Thanks to the massive success of Jaws in 1975, novelist Peter Benchley became a hot commodity, and his second book, The Deep, was made into a movie two years later, with Benchley co-writing the screenplay. The Deep features Benchley trying to branch out from shark attacks into other sorts of undersea thrills, but he's better at creating an implacable, nonverbal menace than he is at putting together an exciting story about human beings. It probably doesn't help that The Deep's journeyman director Peter Yates is no Steven Spielberg. Still, there's some decent stuff in The Deep, primarily in the impressive underwater cinematography, and it features a very attractive Jacqueline Bisset in an essentially see-through wet T-shirt for the first 10 minutes of the movie, which was credited with much of the movie's box office success.
There's very little shark action going on here, though -- far less than I expected when I picked it for this project.
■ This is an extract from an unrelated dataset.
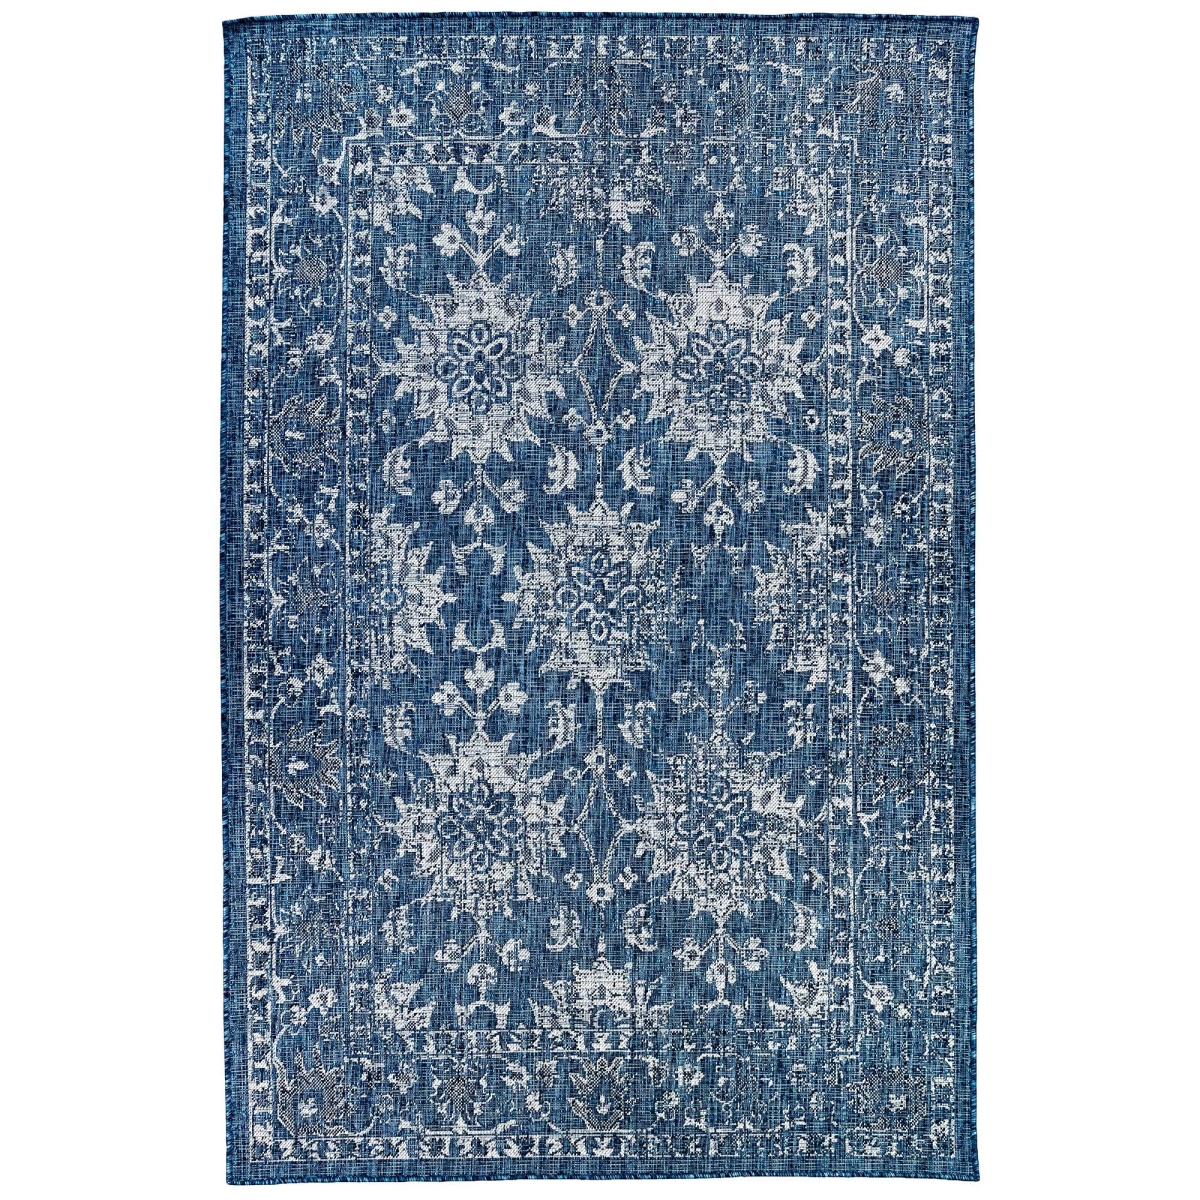 Trans-ocean Imports Cre45841833 39 In. X 59 In. Liora Manne Carmel Vintage Floral Indoor & Outdoor Wilton Woven Rectangle Rug - Navy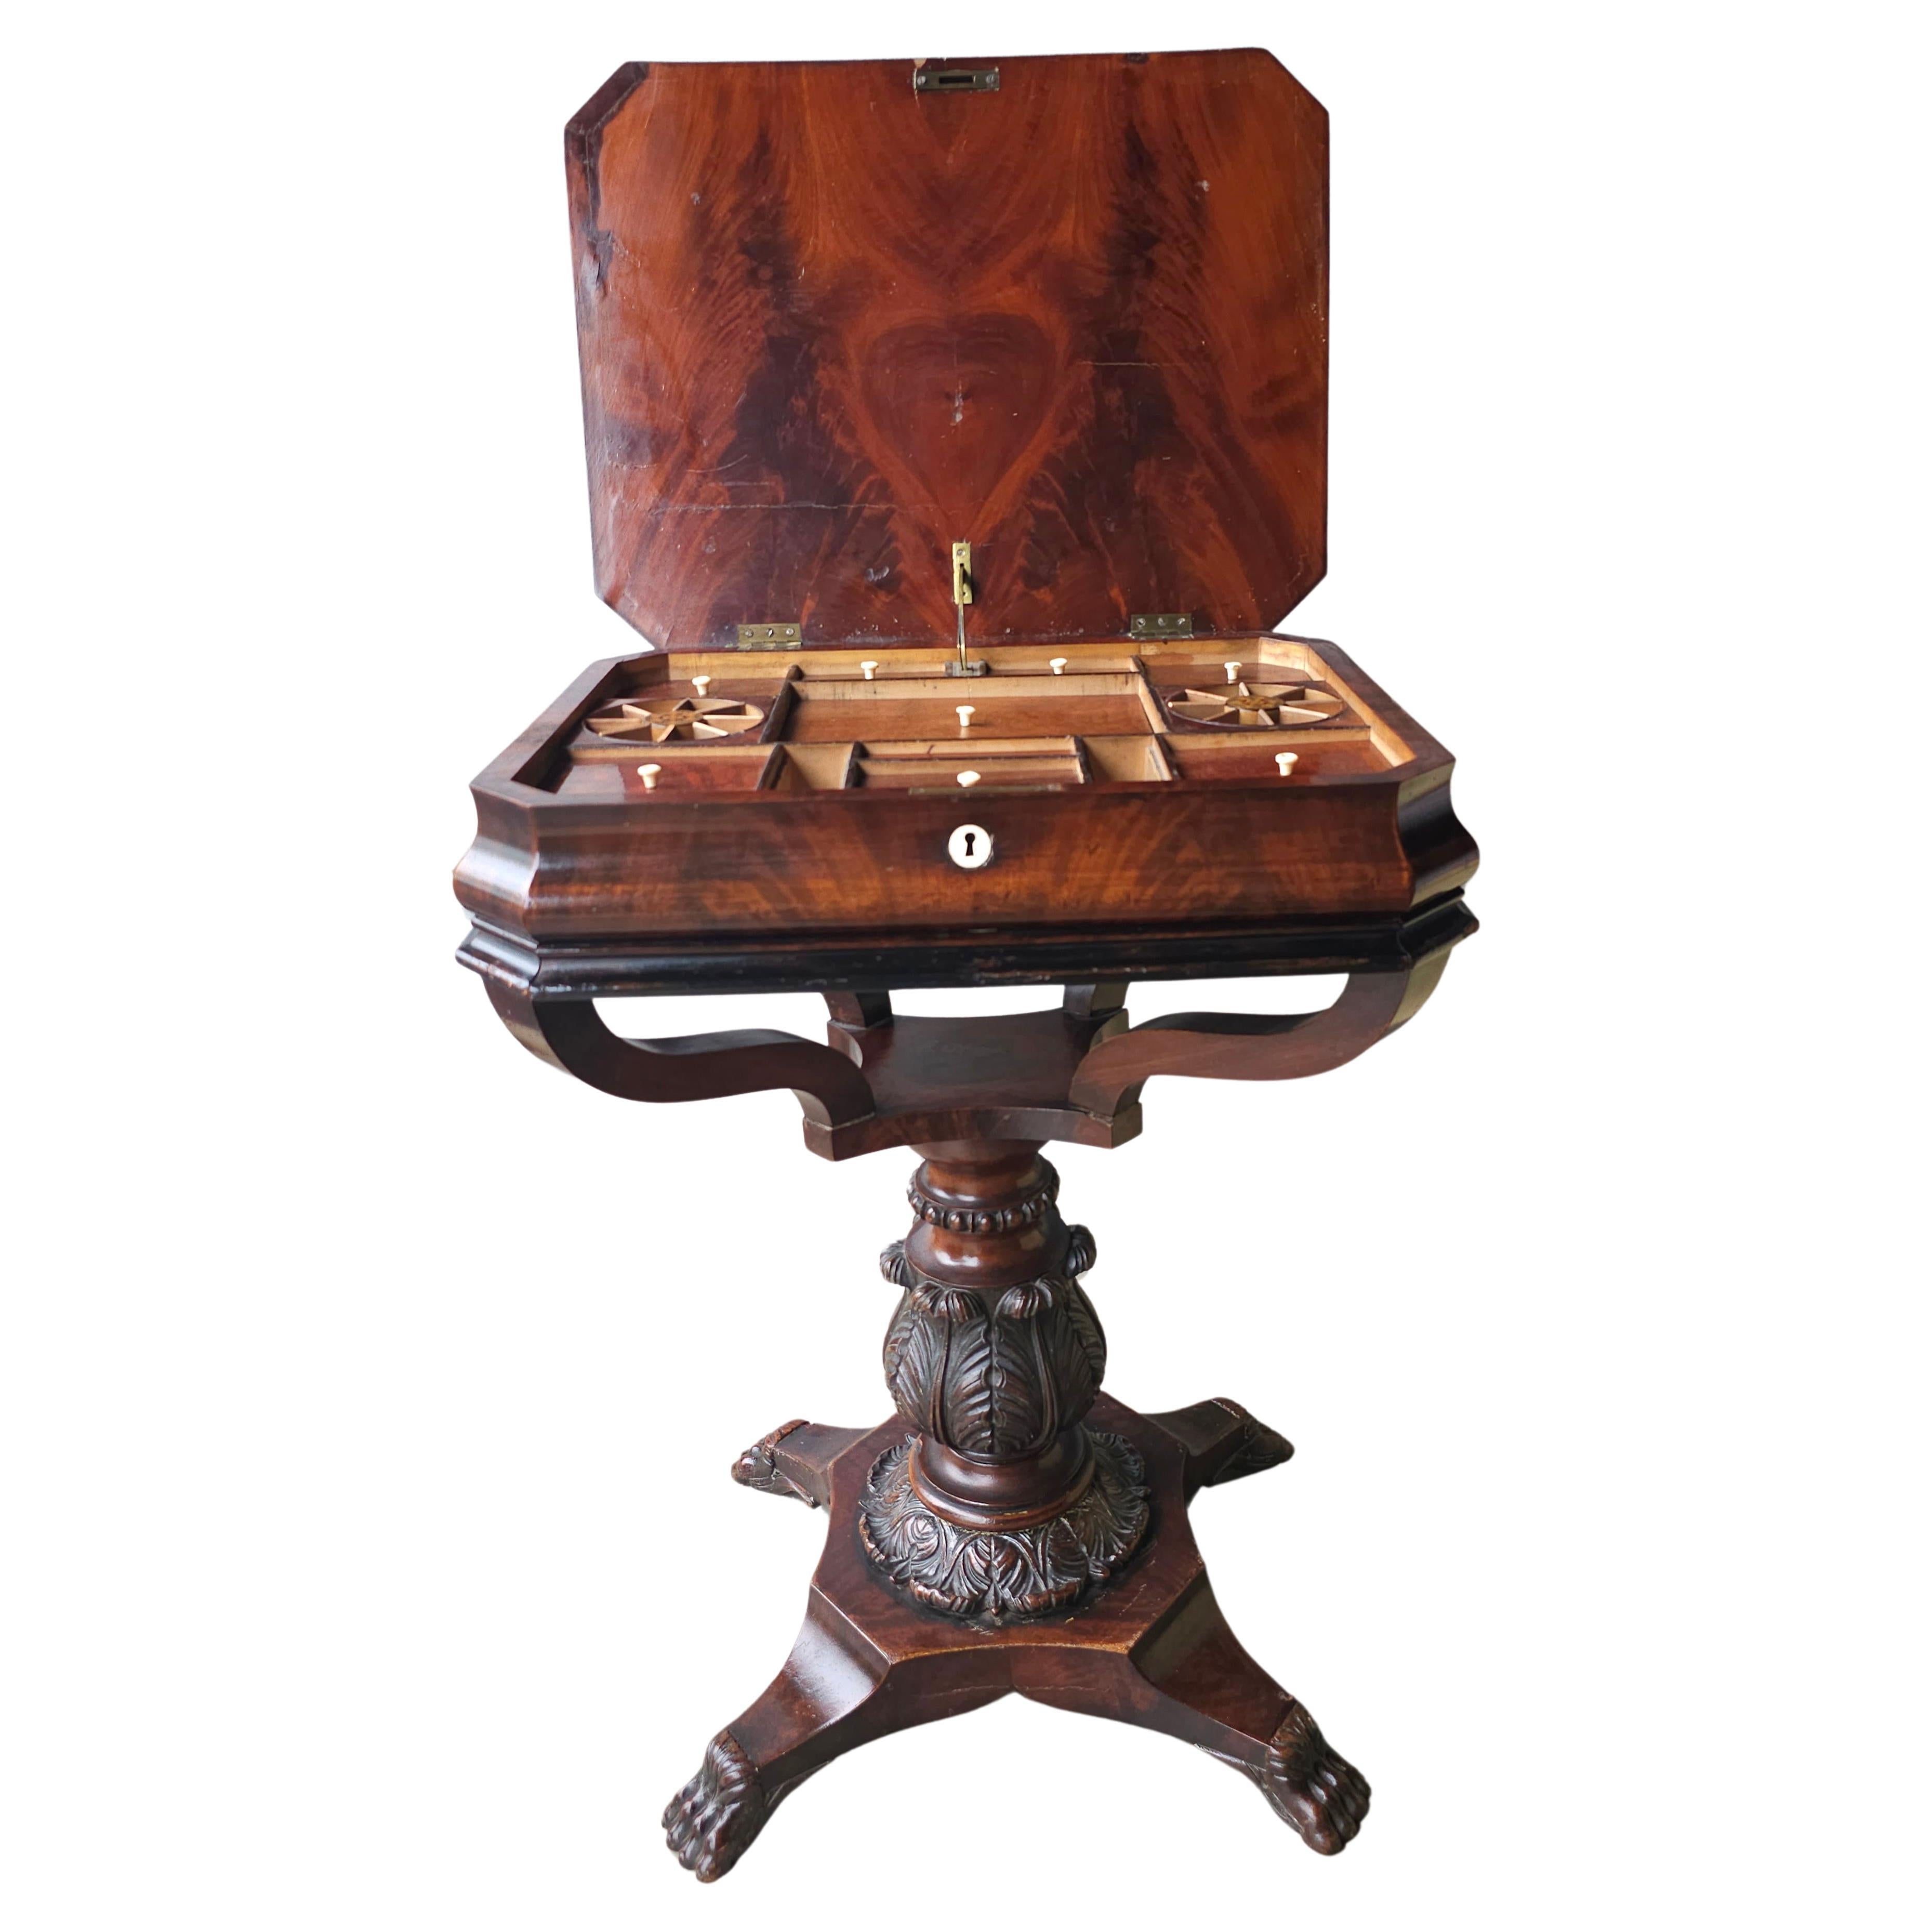 19th C. George IV Partial Ebonized Bookmatched And Carved Mahogany Sewing Stand In Good Condition For Sale In Germantown, MD

Other than a few brief glimpses, the entire shark-related portion of the movie is limited to one scene. Bisset and Nick Nolte play a pair of tourists in Bermuda who stumble on the wreckage of a sunken World War II ship while diving. Amid the more recent debris are artifacts from an 18th-century Spanish royal cargo shipment, and the two amateurs hit up a local history and salvage expert (Robert Shaw, another Jaws connection) to learn about what they've discovered. Unfortunately for them, the WWII ship is full of thousands of vials of morphine that an unscrupulous soldier (Eli Wallach) was smuggling at the time, and a local drug lord (Louis Gossett Jr.) is eager to get his hands on them.
The drug lord tries to sabotage our heroes' efforts to get to the treasure, which is where the sharks come in: At one point his henchmen whip a bunch of sharks into a frenzy by chumming the water above where the divers are working, and there's a sort of swarm of sharks that's menacing at first but doesn't really amount to anything. Far more impressive is the giant moray eel that attacks from out of nowhere and, in the climactic battle, literally bites the drug dealer's head off. There's not much excitement elsewhere in the dull story, which plods along through a rote investigation into the origins of the treasure. The dive sequences, including the wordless eight-minute opening, are impressive, although more for the way they look than for any success at creating suspense. Benchley's career as a Hollywood hitmaker fizzled after The Deep (although he continued writing moderately successful books), and it's not hard to see why.